Our search identified 91 articles, of which 78 were excluded by title and abstract, and a further ten did not meet eligibility criteria. Three double-blind, placebo-controlled trials, including 3663 children with severe anaemia, were included in the systematic review and meta-analysis; 3507 (95·7%) contributed to the modified intention-to-treat analysis. Participants received monthly sulfadoxine-pyrimethamine until the end of the malaria transmission season (mean 3·1 courses per child range 1-6; n=1085; The Gambia), monthly artemether-lumefantrine given at the end of weeks 4 and 8 post discharge (n=1373; Malawi), or monthly dihydroartemisinin-piperaquine given at the end of weeks 2, 6, and 10 post discharge (n=1049; Uganda and Kenya). During the intervention period, post-discharge malaria chemoprevention was associated with a 77% reduction in mortality (RR 0·23 95% CI 0·08-0·70, p=0·0094, I
=0%) and a 55% reduction in all-cause readmissions (HR 0·45 95% CI 0·36-0·56, p<0·0001) compared with placebo. The protective effect was restricted to the intervention period and was not sustained after the direct pharmacodynamic effect of the drugs had waned. The small number of trials limited our ability to assess heterogeneity, its sources, and publication bias.
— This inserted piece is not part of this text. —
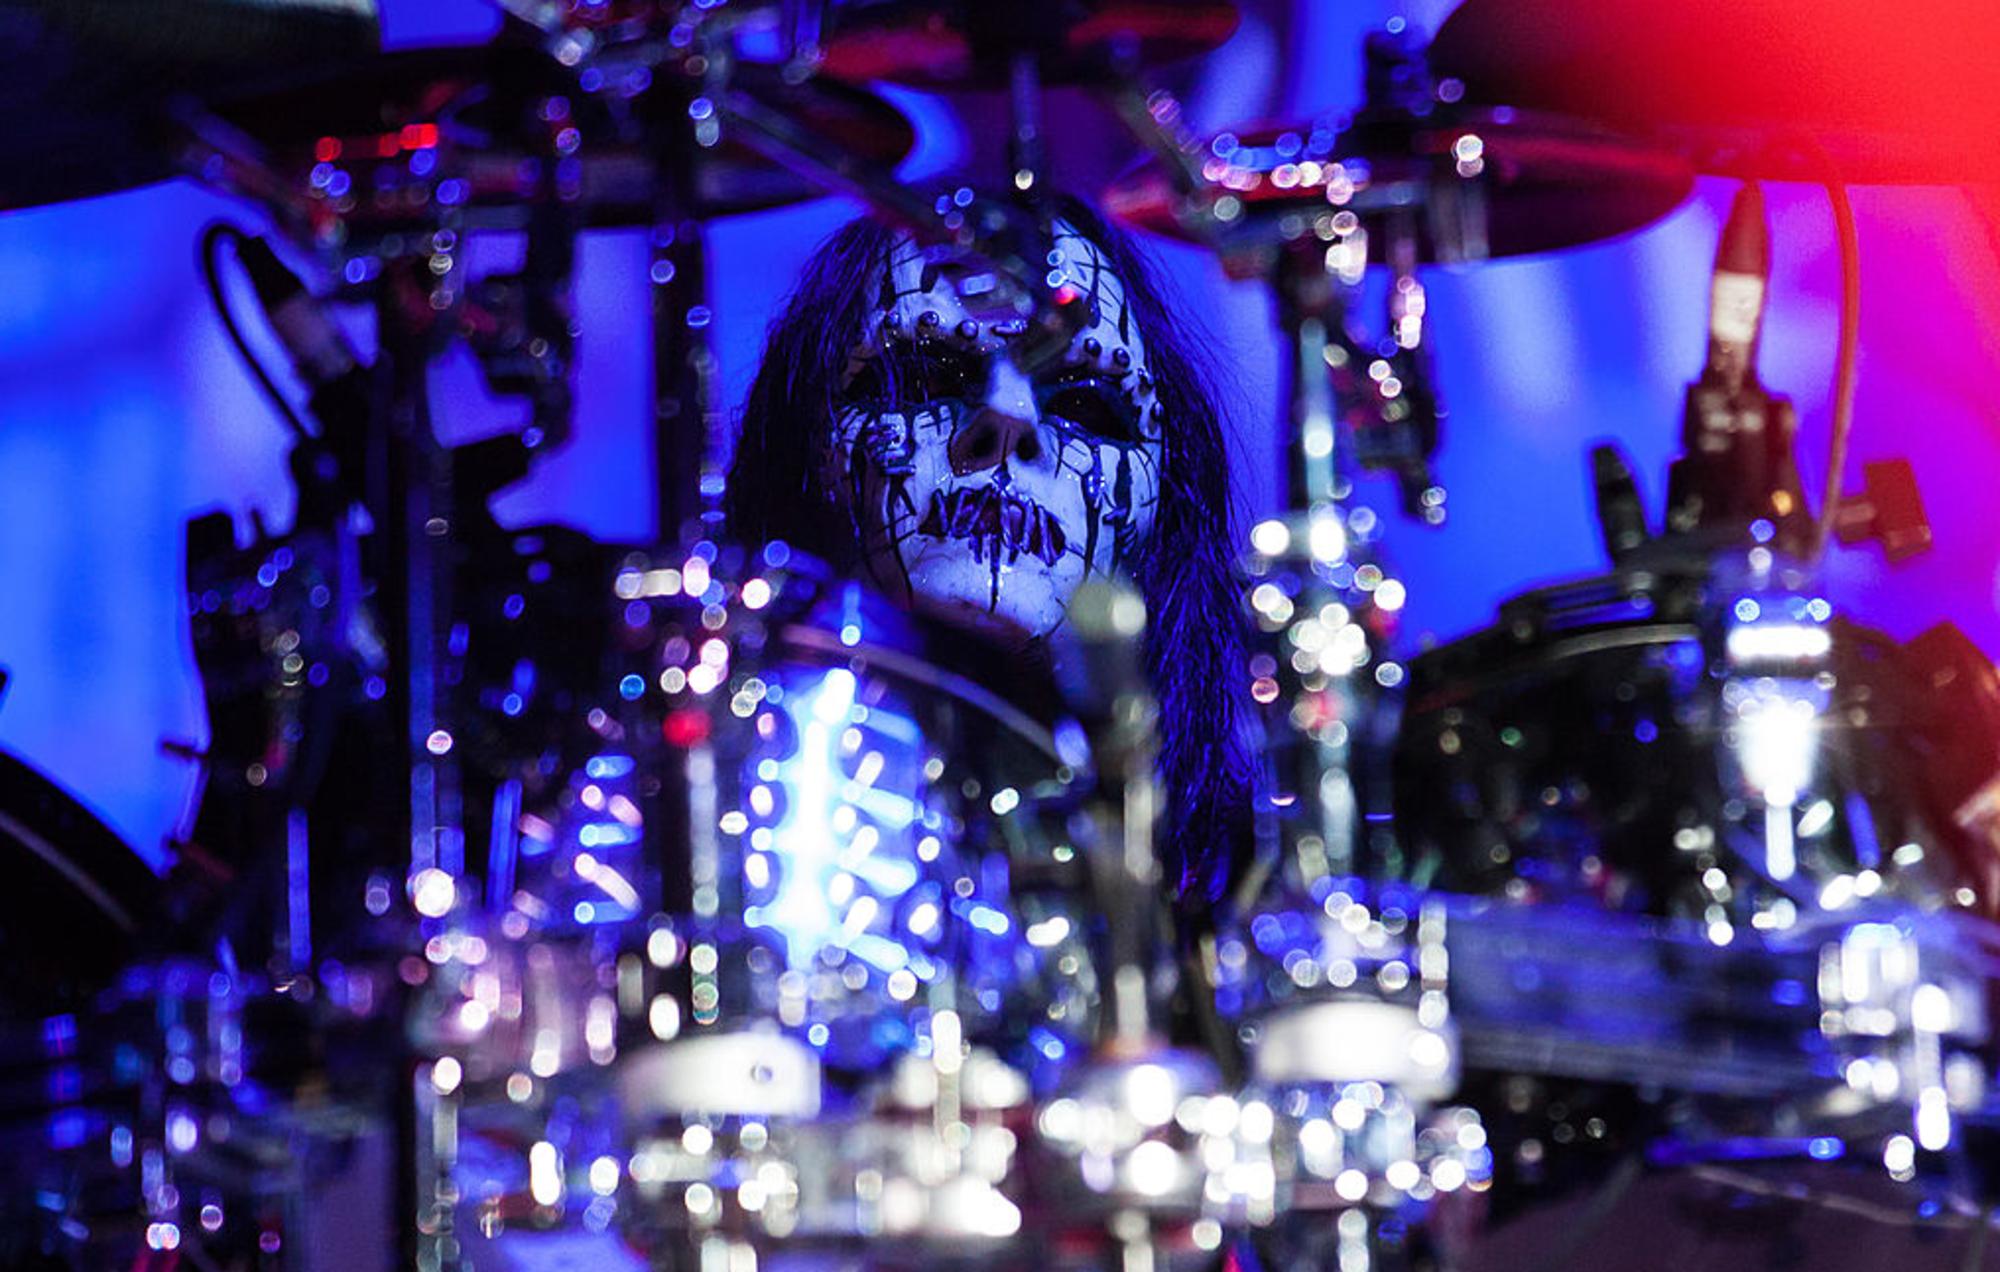 Joey Jordison remembered by Roadrunner A&R who signed Slipknot

In malaria-endemic Africa, post-discharge malaria chemoprevention reduces mortality and readmissions in recently discharged children recovering from severe anaemia. Post-discharge malaria chemoprevention could be a valuable strategy for the management of this group at high risk. Future research should focus on methods of delivery, options to prolong the protection duration, other hospitalised groups at high risk, and interventions targeting non-malarial causes of post-discharge morbidity.
The Research-Council of Norway and the Bill-&-Melinda-Gates-Foundation through the Worldwide-Antimalarial-Research-Network.